David Huen David Huen <smh1008@cus.cam.ac.uk>
Wed, 20 Mar 2002 03:29:43 +0000 (GMT)


On Tue, 19 Mar 2002, Paul Gordon wrote:

> This may be a naive approach, but can you not use a standard conventions
> that would work across organisms?  E.g.  the DAS specification could say
> something along the lines of
> 
> "The top level entry points, when refering to the distinct DNA units in a
> cell, an implementation shall use the conventions:
> 
> Chromosome x
> Where x is a decimal number (e.g. 1 or 23), X or Y
> 
> Plasmid x
> Where x is the name of the plasmid in GenBank, if available
> 
> Extrachromosomal element x
> ...
> 
There may be a bit of a problem here.  I have the impression some genome
projects have sequence coordinates running through the centromeres (did
they actually manage to sequence those or are they arbitrarily assigned?)
while others have sequences coordinates on a per-arm basis.  While
many chromosomes do have two meaningful arms, even those are not named
uniformly between species. While humans, you have the p and q, with
Drosophila, you have L and R.

There is also a disparity between disciplines that have named their
chromosomes on with Arabic numerals (1,2,...) and those that have done so
with Roman numerals (I, II, III, IV, ...).  Plus those poor doomed souls
who have more than one chromosome numbering system competing for dominance
(dog cytology, the same number can be a different chromosome depending on
author, I'm told).  Certainly, I don't believe DAS should change whatever
convention exists within the community of that species.

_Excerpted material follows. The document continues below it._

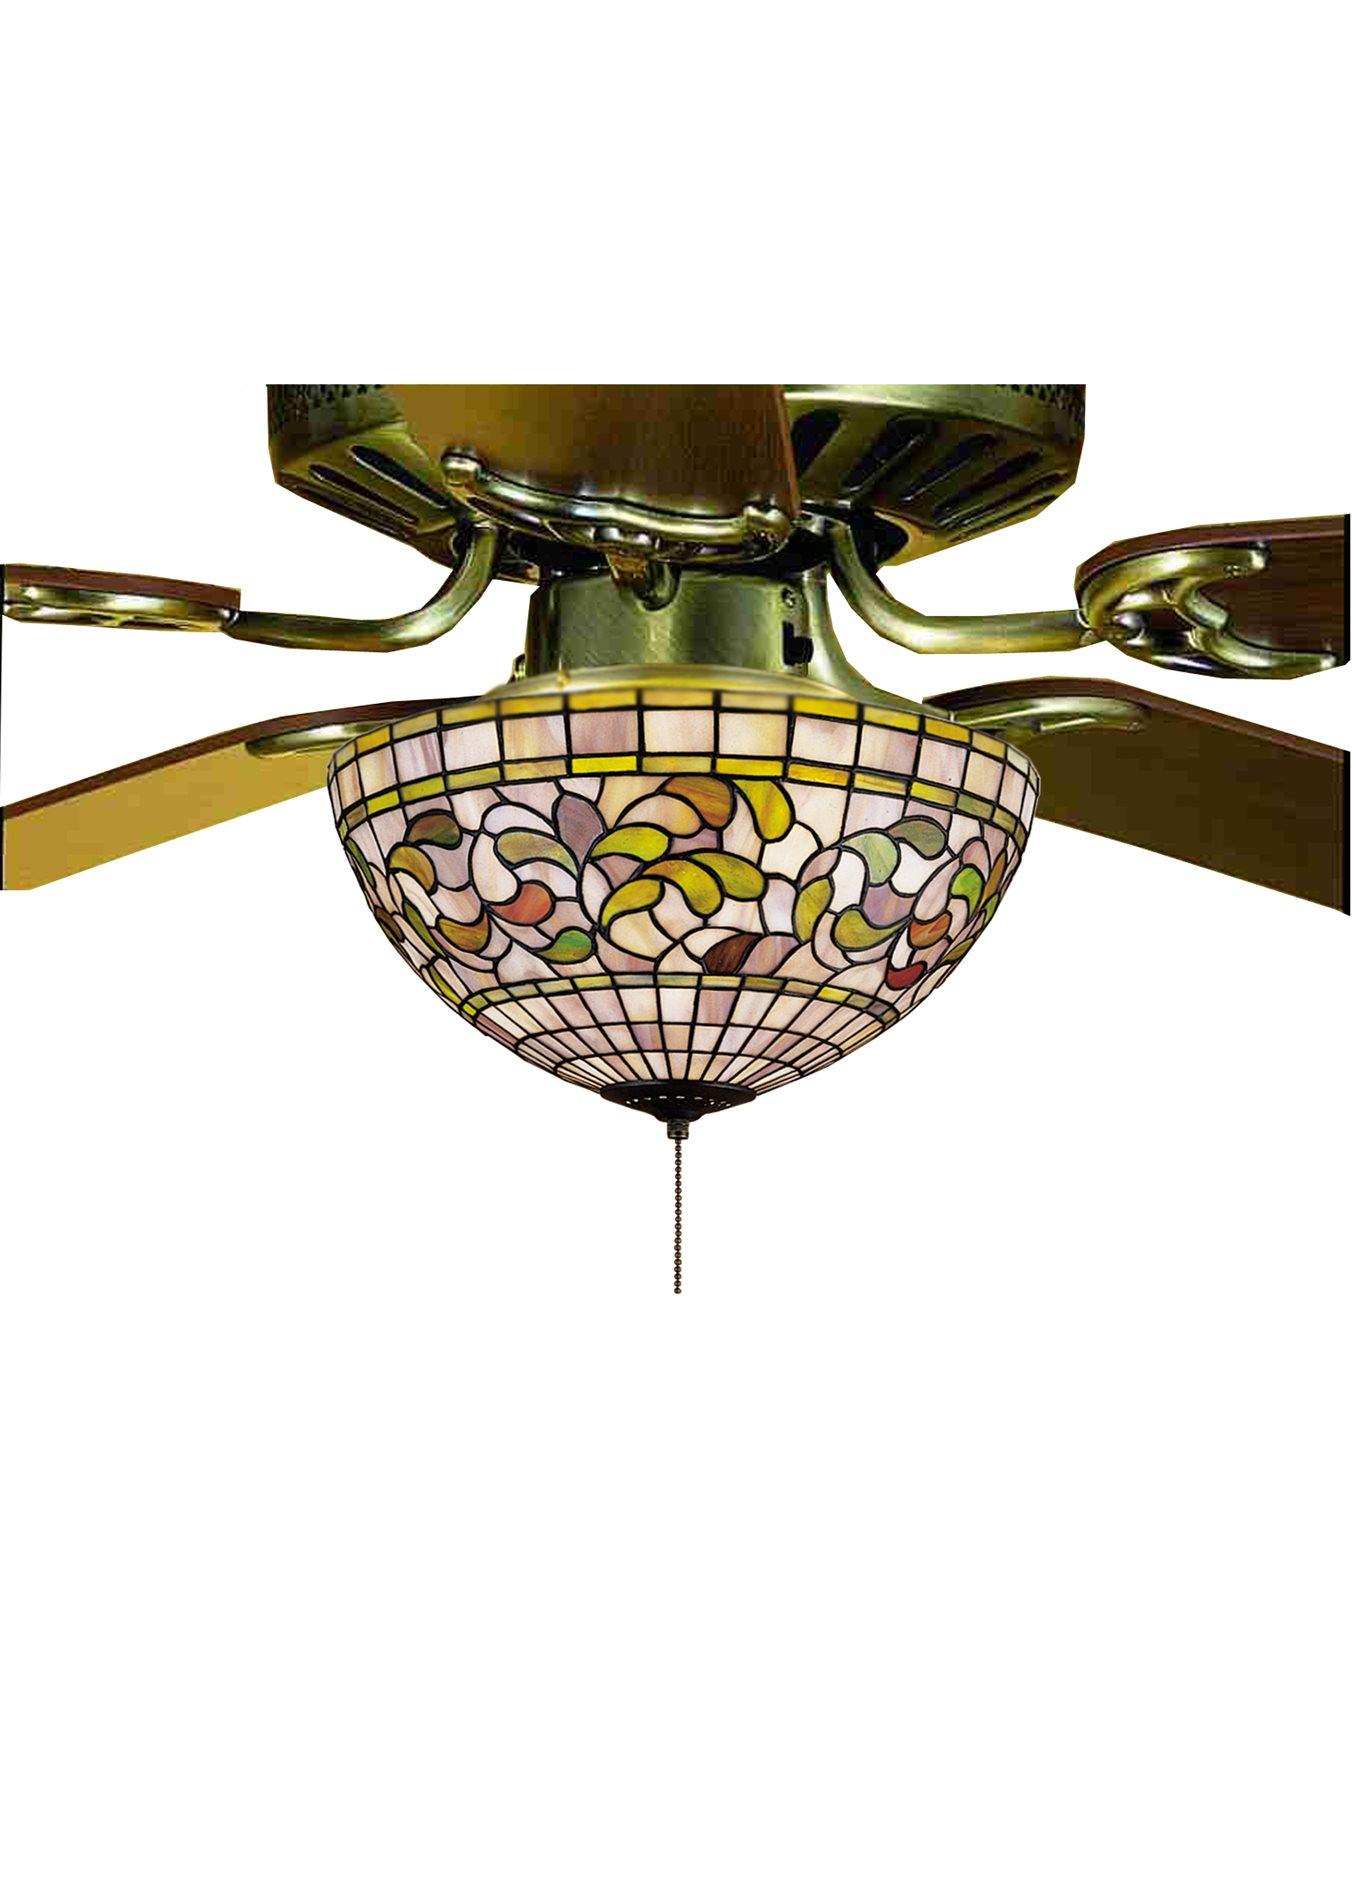 Meyda Tiffany 72650 Turning Leaf Tiffany Light Kit Md 72650

I can only comment on the only genome I may understand, that of
Drosophila.  There's effectively one genome project that has an arm-based
coordinate system.  I would rather not see a force-fit to a
chromosome-wide coordinate system that the above proposal would entail as
I would not like to see a skew between the current genome project official
release coordinates and any coordinates that a DAS server I maintain might
have to provide on the above basis.  It'll only confuse the users.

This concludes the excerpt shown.